Source code for mindspore_xai.explainer.backprop.gradcam

# Copyright 2020-2021 Huawei Technologies Co., Ltd
#
# Licensed under the Apache License, Version 2.0 (the "License");
# you may not use this file except in compliance with the License.
# You may obtain a copy of the License at
#
# http://www.apache.org/licenses/LICENSE-2.0
#
# Unless required by applicable law or agreed to in writing, software
# distributed under the License is distributed on an "AS IS" BASIS,
# WITHOUT WARRANTIES OR CONDITIONS OF ANY KIND, either express or implied.
# See the License for the specific language governing permissions and
# limitations under the License.
# ============================================================================
"""GradCAM."""

from mindspore.ops import operations as op
from mindspore import get_context, PYNATIVE_MODE

from mindspore_xai.common.utils import ForwardProbe, retrieve_layer, unify_inputs, unify_targets
from .backprop_utils import GradNet
from .intermediate_layer import IntermediateLayerAttribution


def _gradcam_aggregation(attributions):
    """
    Aggregate the gradient and activation to get the final attribution.

    Args:
        attributions (Tensor): the attribution with channel dimension.

    Returns:
        Tensor: the attribution with channel dimension aggregated.
    """
    sum_ = op.ReduceSum(keep_dims=False)
    relu_ = op.ReLU()
    attributions = relu_(sum_(attributions, 1))
    attributions = op.Reshape()(attributions, (attributions.shape[0], 1, *attributions.shape[1:]))
    return attributions


[docs]class GradCAM(IntermediateLayerAttribution):
    r"""
    Provides GradCAM explanation method.

    `GradCAM` generates saliency map at intermediate layer. The attribution is obtained as:

    .. math::

        \alpha_k^c = \frac{1}{Z} \sum_i \sum_j \frac{\partial{y^c}}{\partial{A_{i,j}^k}}

        attribution = ReLU(\sum_k \alpha_k^c A^k)
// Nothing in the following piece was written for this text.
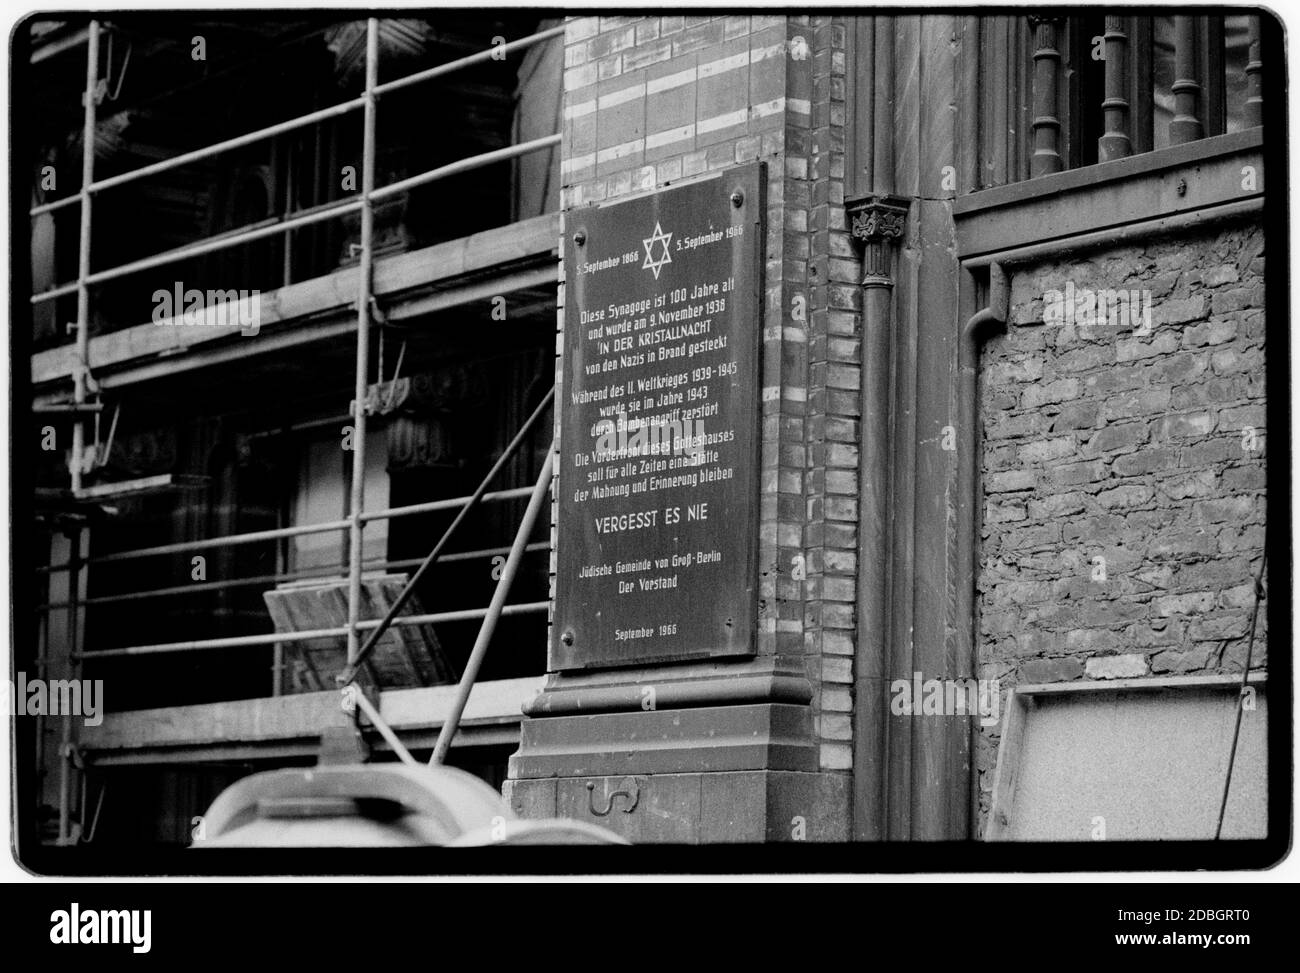 Germania Est 1990 scandita nel 2020 Sinagoga di Berlino con vetro rotto da Kristalnacht o la Notte di vetro rotto, chiamato anche pogrom di novembre, è stato un pogrom contro gli ebrei condotto da forze paramilitari di SA e civili in tutta la Germania nazista il 9–10 novembre 1938. Le autorità tedesche si sono guardate senza intervenire.[3] il nome Kristallnacht ("Notte di Cristallo") deriva dalle barbe di vetro rotto che hanno disseminato le strade dopo che le finestre dei negozi, degli edifici e delle sinagoghe di proprietà ebraica sono state abbattute. Germania orientale, Deutsche Demokratische Republik la DDR dopo la caduta del Foto Stock

    For more details, please refer to the original paper: `GradCAM <https://openaccess.thecvf.com/content_ICCV_2017/
    papers/Selvaraju_Grad-CAM_Visual_Explanations_ICCV_2017_paper.pdf>`_.

    Note:
        The parsed `network` will be set to eval mode through `network.set_grad(False)` and `network.set_train(False)`.
        If you want to train the `network` afterwards, please reset it back to training mode through the opposite
        operations.

    Args:
        network (Cell): The black-box model to be explained.
        layer (str, optional): The layer name to generate the explanation, usually chosen as the last convolutional
            layer for better practice. If it is ``''``, the explanation will be generated at the input layer.
            Default: ``''``.

    Inputs:
        - **inputs** (Tensor) - The input data to be explained, a 4D tensor of shape :math:`(N, C, H, W)`.
        - **targets** (Tensor, int, tuple, list) - The label of interest. It should be a 1D or scalar tensor, or an
          integer, or a tuple/list of integers. If it is a 1D tensor, tuple or list, its length should be :math:`N`.
        - **ret** (str, optional): The return object type. ``'tensor'`` means returns a Tensor object, ``'image'``
          means return a PIL.Image.Image list. Default: ``'tensor'``.
        - **show** (bool, optional): Show the saliency images, ``None`` means automatically show the saliency images
          if it is running on JupyterLab. Default: ``None``.

    Outputs:
        Tensor, a 4D tensor of shape :math:`(N, 1, H, W)`, saliency maps. Or list[list[PIL.Image.Image]], the
        normalized saliency images if `ret` was set to ``'image'``.

    Raises:
        TypeError: Be raised for any argument or input type problem.
        ValueError: Be raised for any input value problem.

    Supported Platforms:
        ``Ascend`` ``GPU``

    Examples:
        >>> import numpy as np
        >>> import mindspore as ms
        >>> from mindspore_xai.explainer import GradCAM
        >>> from mindspore import set_context, PYNATIVE_MODE
        >>>
        >>> # only PYNATIVE_MODE is supported
        >>> set_context(mode=PYNATIVE_MODE)
        >>> # The detail of LeNet5 is shown in models.official.cv.lenet.src.lenet.py
        >>> net = LeNet5(10, num_channel=3)
        >>> # specify a layer name to generate explanation, usually the layer can be set as the last conv layer.
        >>> layer_name = 'conv2'
        >>> # init GradCAM with a trained network and specify the layer to obtain attribution
        >>> gradcam = GradCAM(net, layer=layer_name)
        >>> inputs = ms.Tensor(np.random.rand(1, 3, 32, 32), ms.float32)
        >>> label = 5
        >>> saliency = gradcam(inputs, label)
        >>> print(saliency.shape)
        (1, 1, 32, 32)
    """

    def __init__(self, network, layer=""):
        super(GradCAM, self).__init__(network, layer)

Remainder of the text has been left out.